Critique d'album
Le disque ouvert, le groupe se présente simplement, de la manière la plus directe : 3 photographies du visage des musiciens saisi en gros plan ornent chaque volet des pochettes intérieures, en noir et blanc bien entendu. Elles nous offrent des mines presque patibulaires, ce qui ne correspond en rien à la nature plutôt joviale des intéressés, à ce qu'il se dit. (Sans doute ont-ils fait leur la célèbre sentence de Shakespeare, "On peut sourire et sourire encore et n'être qu'un scélérat." On ne les y prendra donc pas !) "Conger", ainsi que les nomment les fans, qui délaissent le redoublement pourtant prévu par les usages scientifiques, face au public, cela pourrait ressembler à une ligne d'avants All blacks, comme ces trois visages, sortes de clichés d'avant match. Une formation serrée, compacte, qui joue collectif et a appris, comme les rugbymen de l'autre hémisphère, à faire vivre la balle. Elle est amenée par Patrice, capitaine charismatique, "chanteur- "éructeur"-bateleur-batteur-percussionniste-funambule et poète farfelu". "Conger", c'est donc un trio, soit dans le Rock'n'roll, la formation idéale, non pour honorer la sainte trinité, mais en référence aux racines, celles qui nous ramènent à Presley, Moore et Black.

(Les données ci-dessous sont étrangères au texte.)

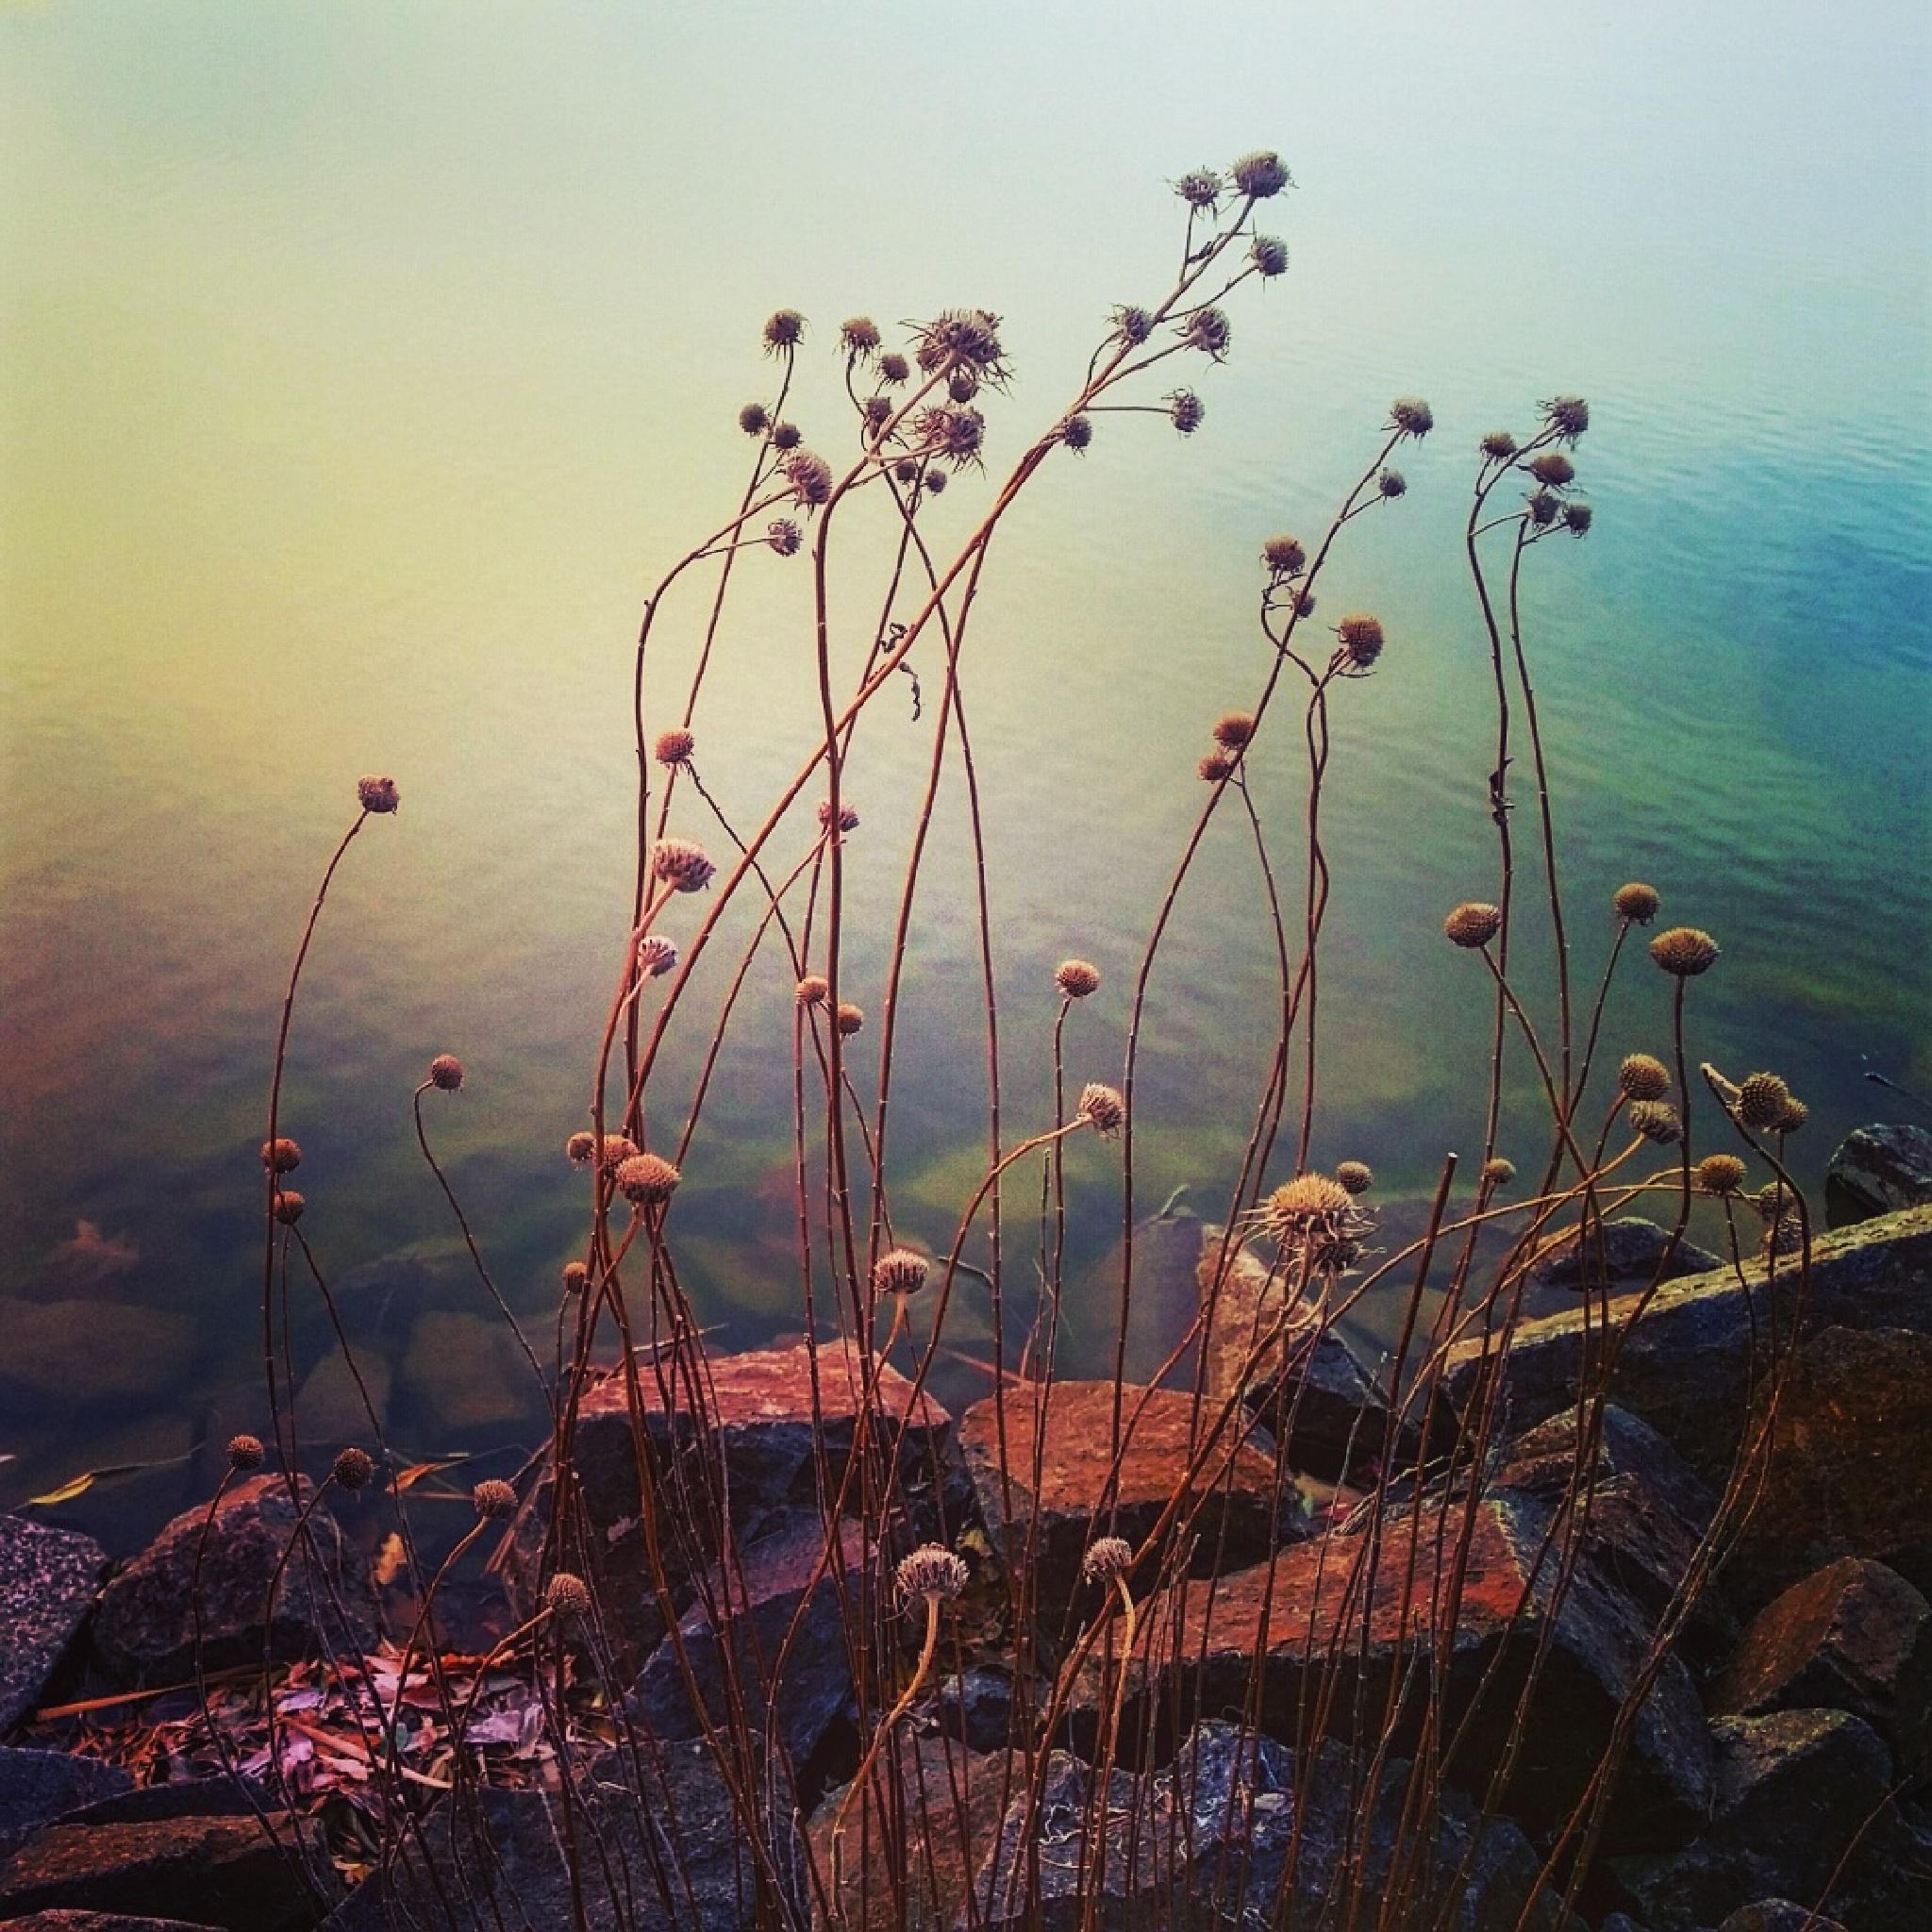 Graceful stems by Mary Ellen Sanger

La porte d'entrée de ce disque s'emprunte avec "Shortterms", et de là tout l'art de "Conger" se laisse appréhender. Les choses sont introduites puissamment : des roulements de caisse claire sur lesquels se superposent un incroyable bourdon (la basse de Didier, grand échalas aux faux airs de doux rêveur, et au son d'une ampleur rarement entendue) et un motif de guitare aérien, puis s'installe un jeu de ping-pong entre la basse et la batterie, tandis que le chant et la guitare tissent la mélodie. Il s'agit d'une chanson mélancolique mais nullement triste, plutôt désenchantée, si toutefois le mot convient pour une chanson. Pas de véritable refrain mais des ponctuations de batterie faites du martèlement du tom basse. Après presque trois minutes et alors que l'auditeur commence un peu à prendre ses aises, le morceau, en douceur, change d'allure, un voix off saturée invite au décollage, elle grésille. Fendant l'air, le chant alors se déploie, se dédouble, s'étire, mais parait se perdre dans les limbes, les instruments maintenant le contact avec le sol. Une fois terminé, l'auditeur a imaginé une chanson de rock mais il a entendu déclamer de la poésie !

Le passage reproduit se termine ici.